1. Rabban Çauma suivit, en effet, les cérémonies de la Semaine Sainte avec tant d'attention qu'il nous en a laissé une description très fidèle, bien qu'abrégée, dans les lignes suivantes. Pour donner une idée de l'exactitude et de la précision du récit de notre voyageur, jusque dans les moindres particularités, je n'ai rien trouvé de mieux que de mettre ici en note les extraits correspondants des Rituels romains, à peu près contemporains de Bar Çauma, publiés dans le tome II du Museum Italicum de MABILLON (Paris, 1689). C'est à ce volume que renvoient les indications de pages. Ceux qui désireraient de plus amples détails sur ces cérémonies liturgiques pourront recourir au savant commentaire de l'éditeur, placé en tête du mème tome.

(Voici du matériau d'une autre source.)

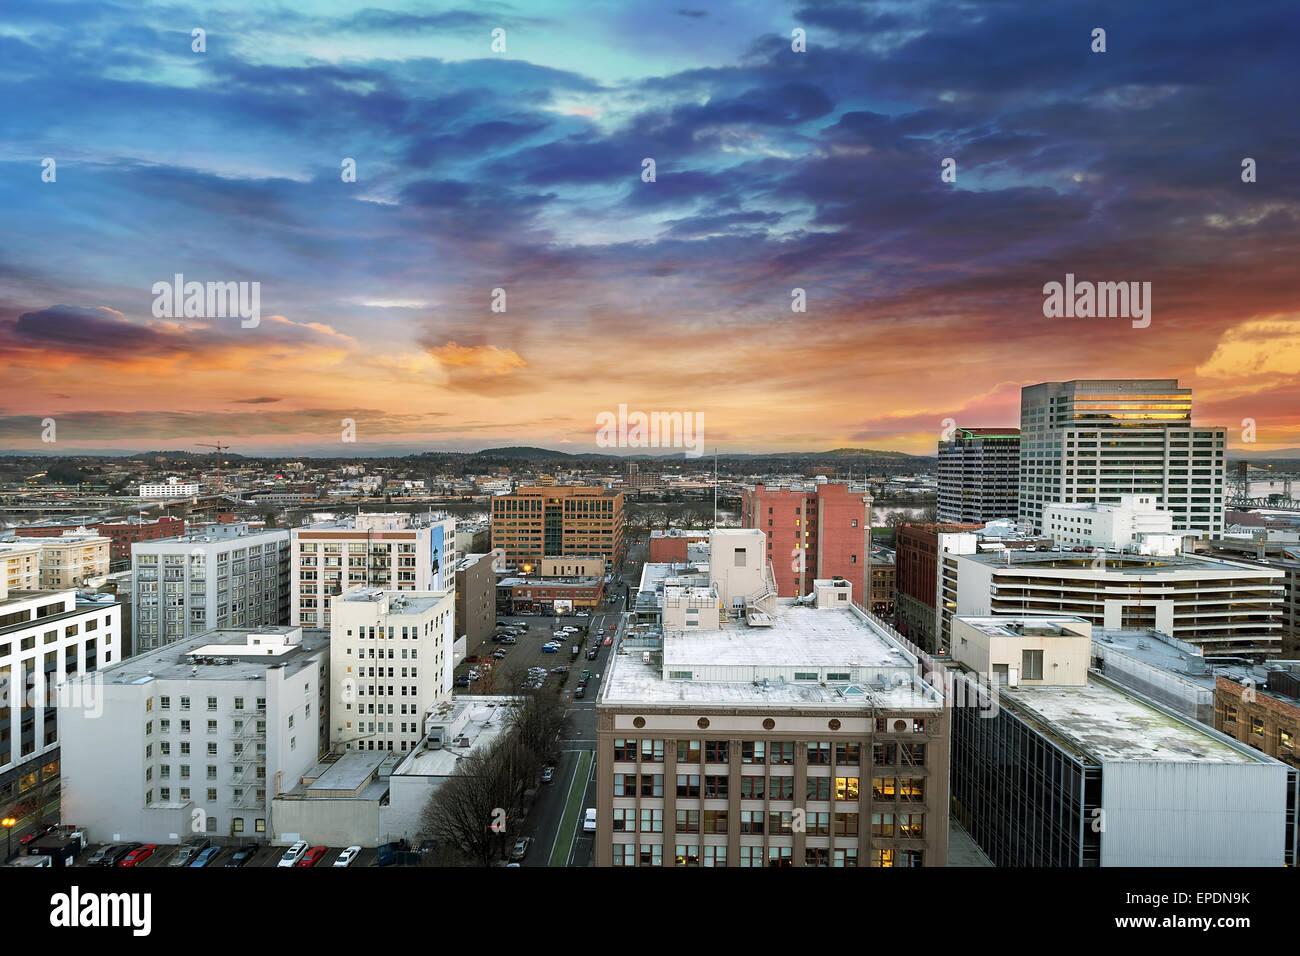 Coucher de soleil sur le centre-ville de l'Oregon Portland Cityscape avec Mt Hood dans le lointain Photo Stock

2. Il est fort douteux que les Romains aient trouvé une si grande conformité de rite entre le leur et le rite nestorien qui a d'ailleurs conservé les plus anciennes traditions de la liturgie syriaque. Mais ils ont pu, sans difficulté, reconnaitre les principales cérémonies extérieures de la messe, comme la lecture de l'Épitre et de l'Evangile, la consécration, l'élévation, la communion.